## EXERCISE DETAILS
Output all of the data exactly as it appears, but leave out any pictures it contains.

## DATA SEGMENT

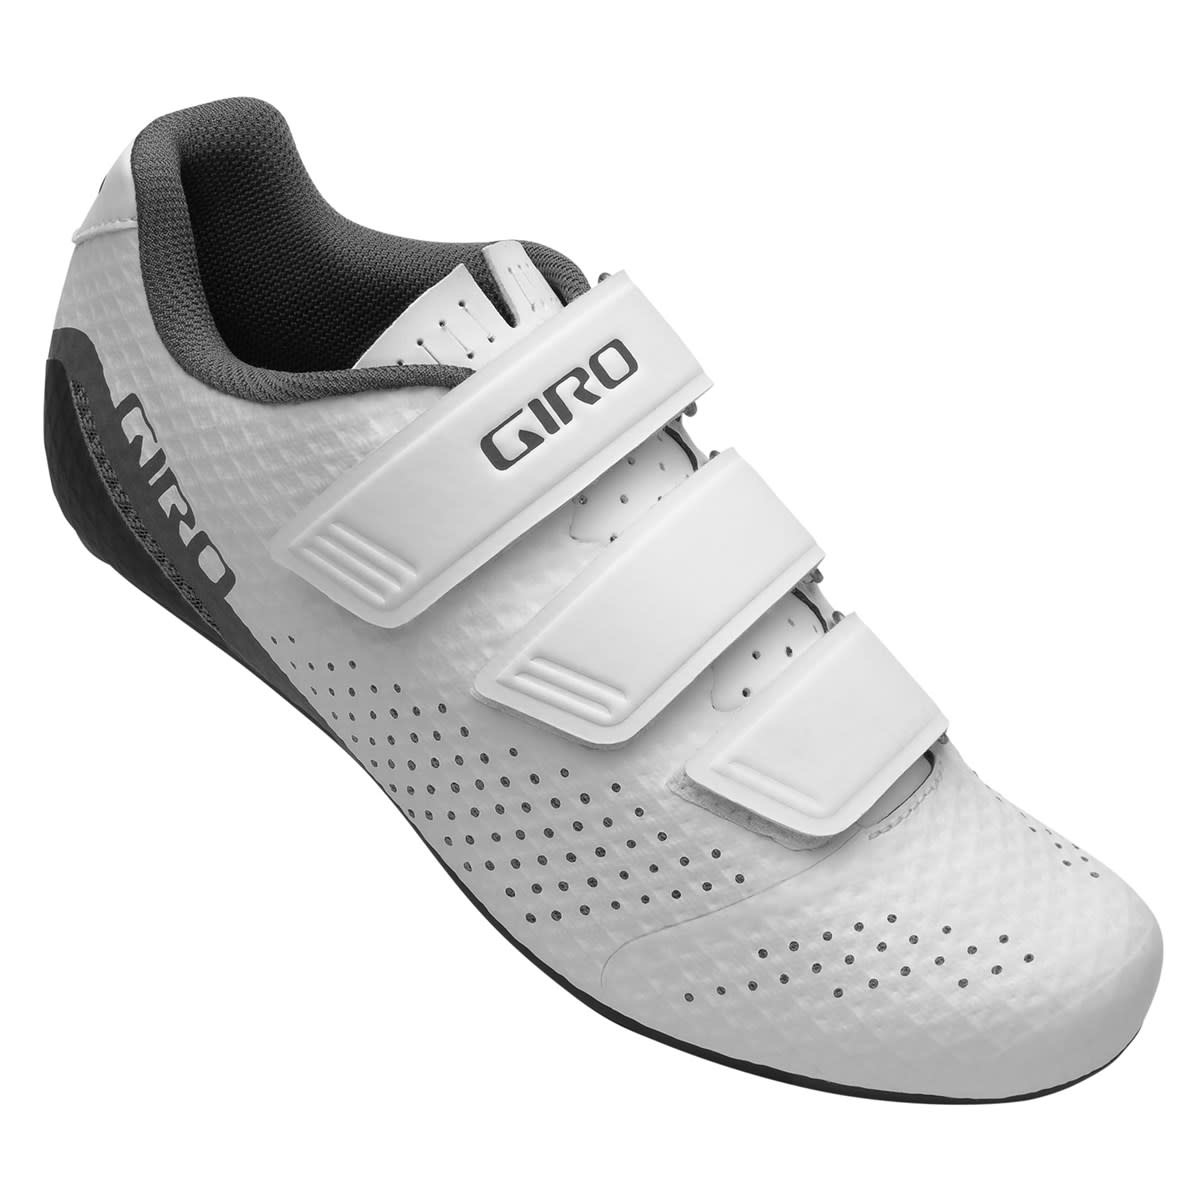 You added <b><u>Giro Stylus Road Womens Cycling Shoes 2021</u></b> to your cart.
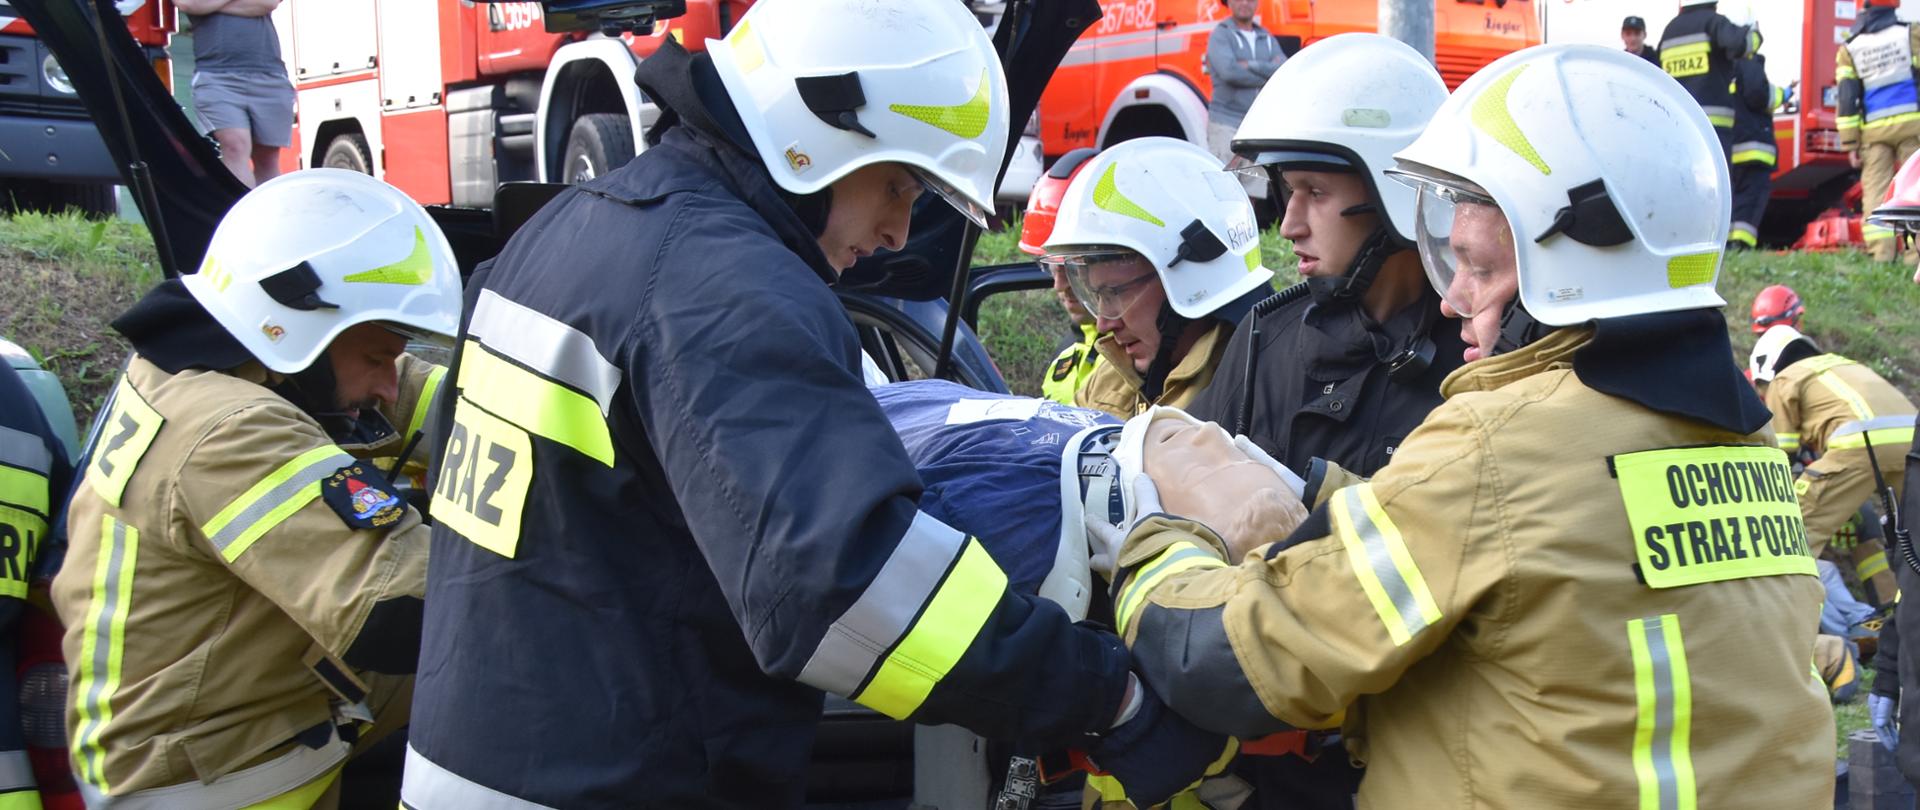 Na zdjęciu strażacy w ubraniach specjalnych, którzy ewakuują poszkodowanego (manekina) z wraku samochodu osobowego.
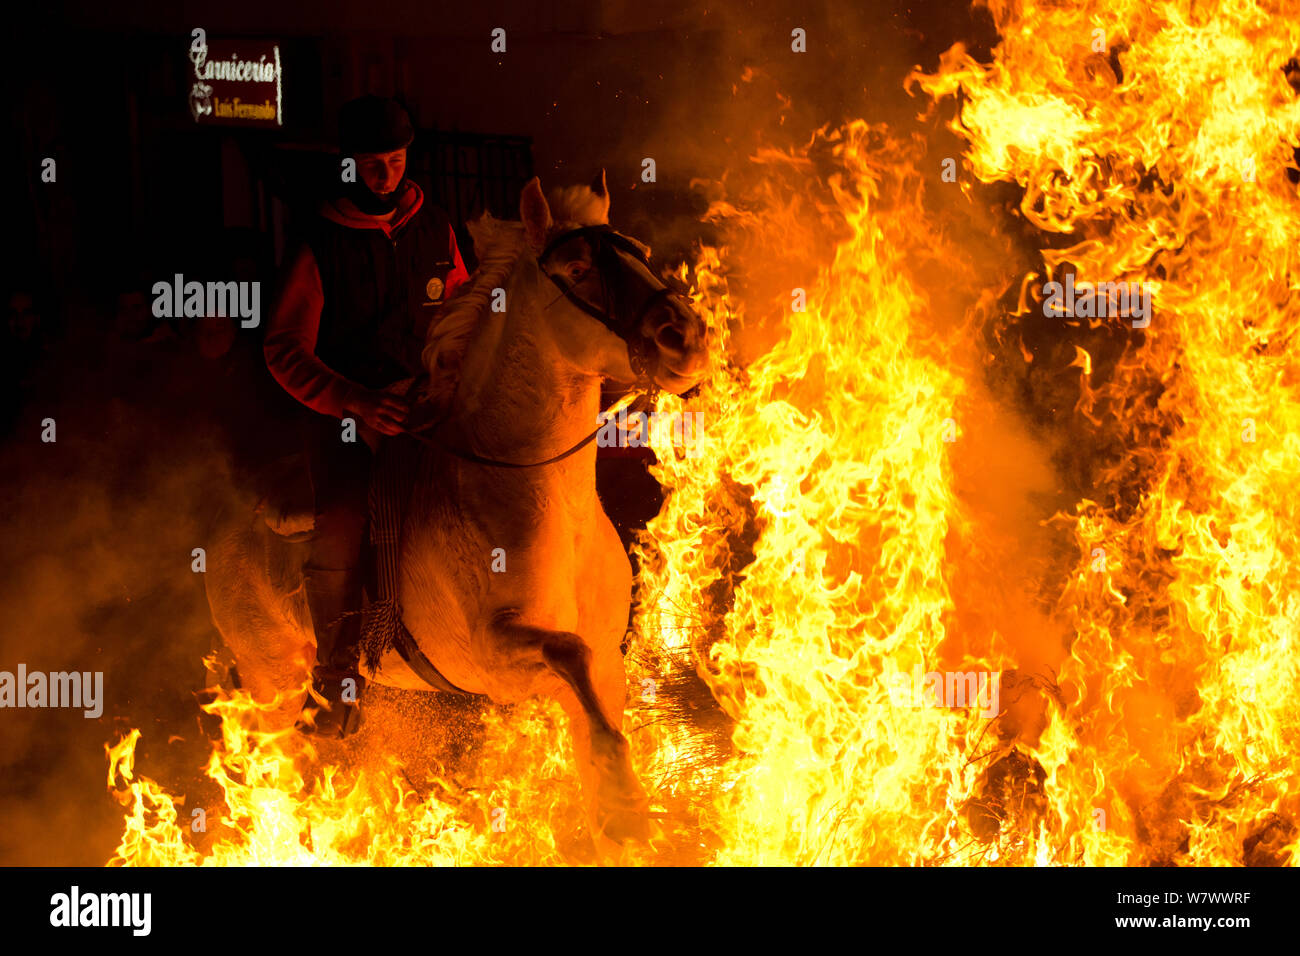 Giovane uomo saltare attraverso il fuoco per purificare il suo cavallo durante il festival Luminarias, tenuto ogni Gennaio in San Bartolome de Pinares, provincia di Avila, Castiglia e Leon, Spagna, Gennaio 2014. Foto Stock

## RESPONSE AREA
 You added <b><u>Giro Stylus Road Womens Cycling Shoes 2021</u></b> to your cart.
 Na zdjęciu strażacy w ubraniach specjalnych, którzy ewakuują poszkodowanego (manekina) z wraku samochodu osobowego.
 Giovane uomo saltare attraverso il fuoco per purificare il suo cavallo durante il festival Luminarias, tenuto ogni Gennaio in San Bartolome de Pinares, provincia di Avila, Castiglia e Leon, Spagna, Gennaio 2014. Foto Stock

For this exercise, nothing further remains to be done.